Its success is describable, and has to do with other blobs of its day – the growing mass of teen Baby Boomers who needed something to do, and the corresponding ooze of movies that catered to them.

These movies had titles like Attack of the Crab Monsters (1957), I Was a Teenage Werewolf (1957), The Wasp Woman (1959), and A Bucket of Blood (1959). As film historian Tim Dirks notes: "Young people attended outdoor drive-ins that showed exploitative, cheap fare."

Drive-ins peaked in the late 1950s, when there were more than 4,000 operating in the United States. They were called "passion pits," and the teens who frequented them found things to do in the privacy of the front seat that were not necessarily related to their passion for cinema.

The Blob originally was intended to be the also-ran in a double feature headlined by I Married a Monster From Outer Space, but proved so popular it quickly vaulted to top billing.

Its reception with critics was cool. The New York Times said the picture "talks itself to death" and described the special effects as "phony."  Take that with a grain of salt:  The reviewer also didn't think much of the young star, Steve McQueen, who'd be a major international star within a decade.

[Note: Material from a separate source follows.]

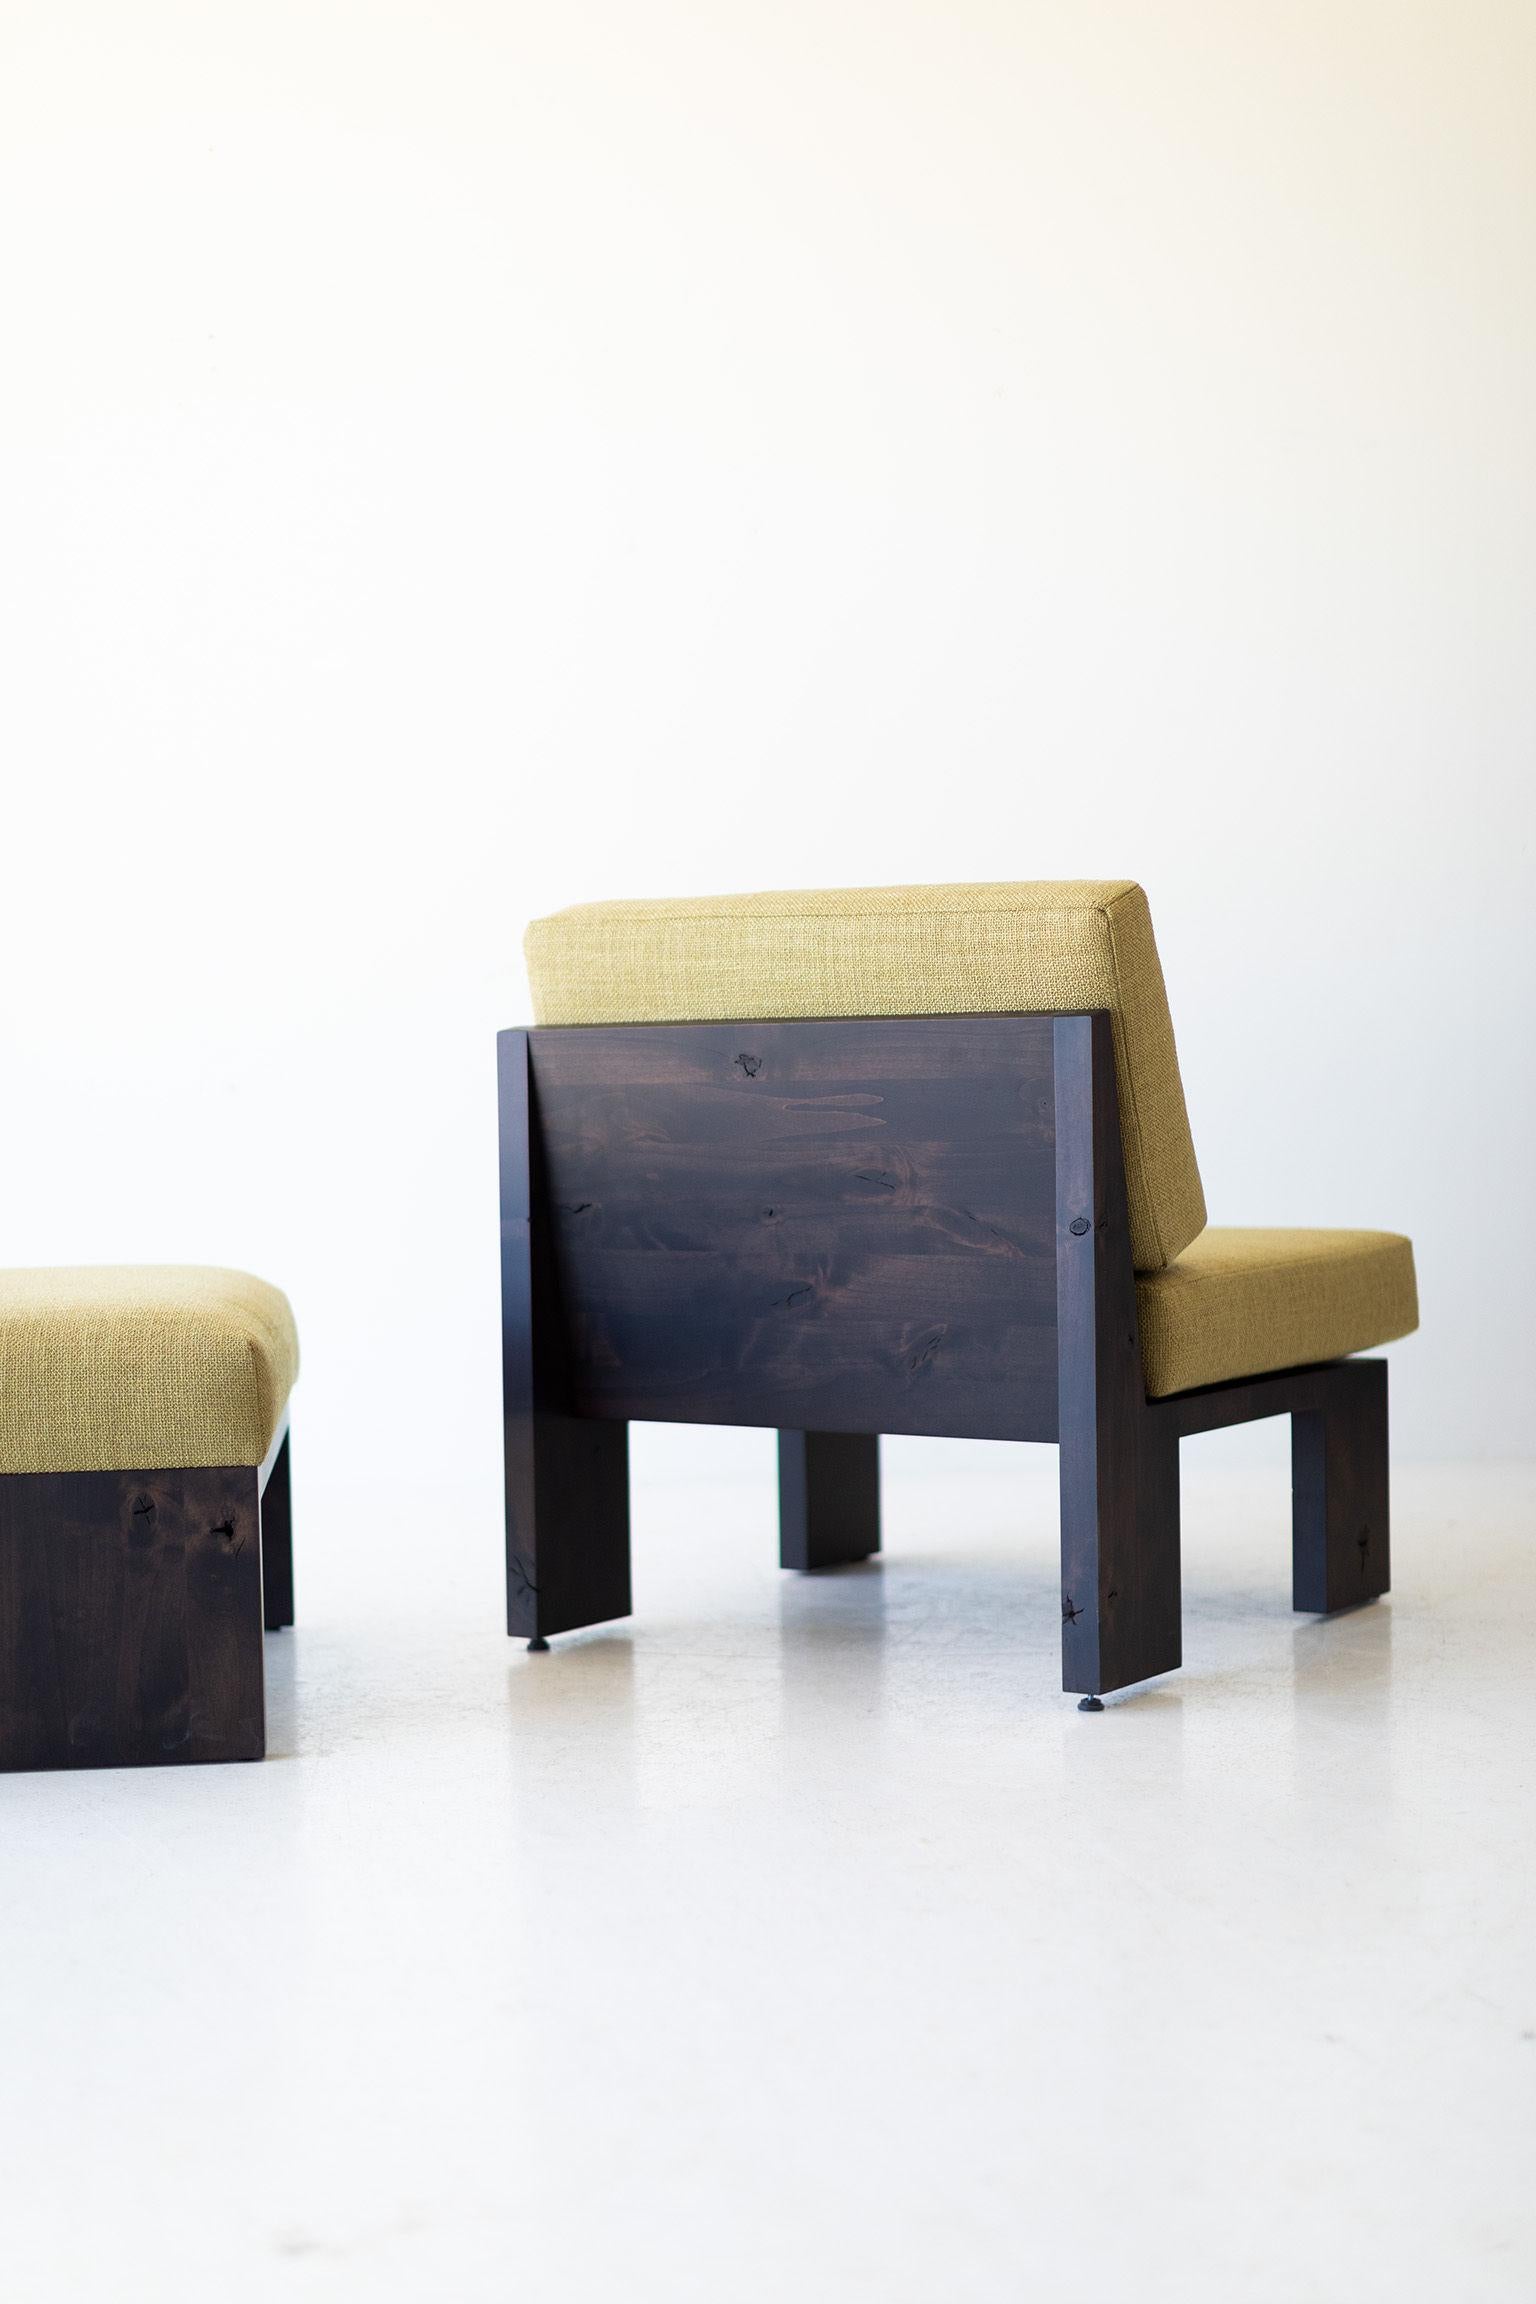 Dieser moderne Beistellstuhl von Chile wird in Ohio, USA, aus Massivholz gefertigt. Die Silhouette des Loungesessels ist einfach, modern und schlank, mit bequemen Rücken- und Sitzkissen. Dies ist der perfekte Stuhl für jeden Raum, ob drinnen oder

McQueen stars in the film (his character is imaginatively named Steve) as a teen — though he was 28 at the time — who is making out with his girlfriend (Aneta Corsaut), activity interrupted by the crash of a meteor. (The movie originally was titled The Molten Meteor.)

The meteor contains a gelatinous alien amoeba (during production, it variously was called "the mass," then "the glob," and, finally, "the blob") that engulfs humans, growing as it does, consuming doctors, nurses, a guy in a grocery store, folks in a diner, a movie theater. Eventually, Steve deduces the blob can't handle cold and subdues it with fire extinguishers, and the government drops it well above the Arctic Circle.

That's that, someone says. To which McQueen replies: 'Yeah, as long as the Arctic stays frozen."

The movie, like many of its day (Invasion of the Body Snatchers), has been cast as a Cold War metaphor, playing on cultural fears of Soviet communism. The movie's screenwriters found this idea laughable. More likely, there is a primal, durable appeal in the idea of an all-consuming entity like the blob – it inspired a sequel in 1972 and a remake in 1988.

Nothing can stop it, because it's endlessly adaptable. The blob absorbs and consumes everyone it touches, and the more people it touches, the more it spreads, the bigger and more inexorable it becomes.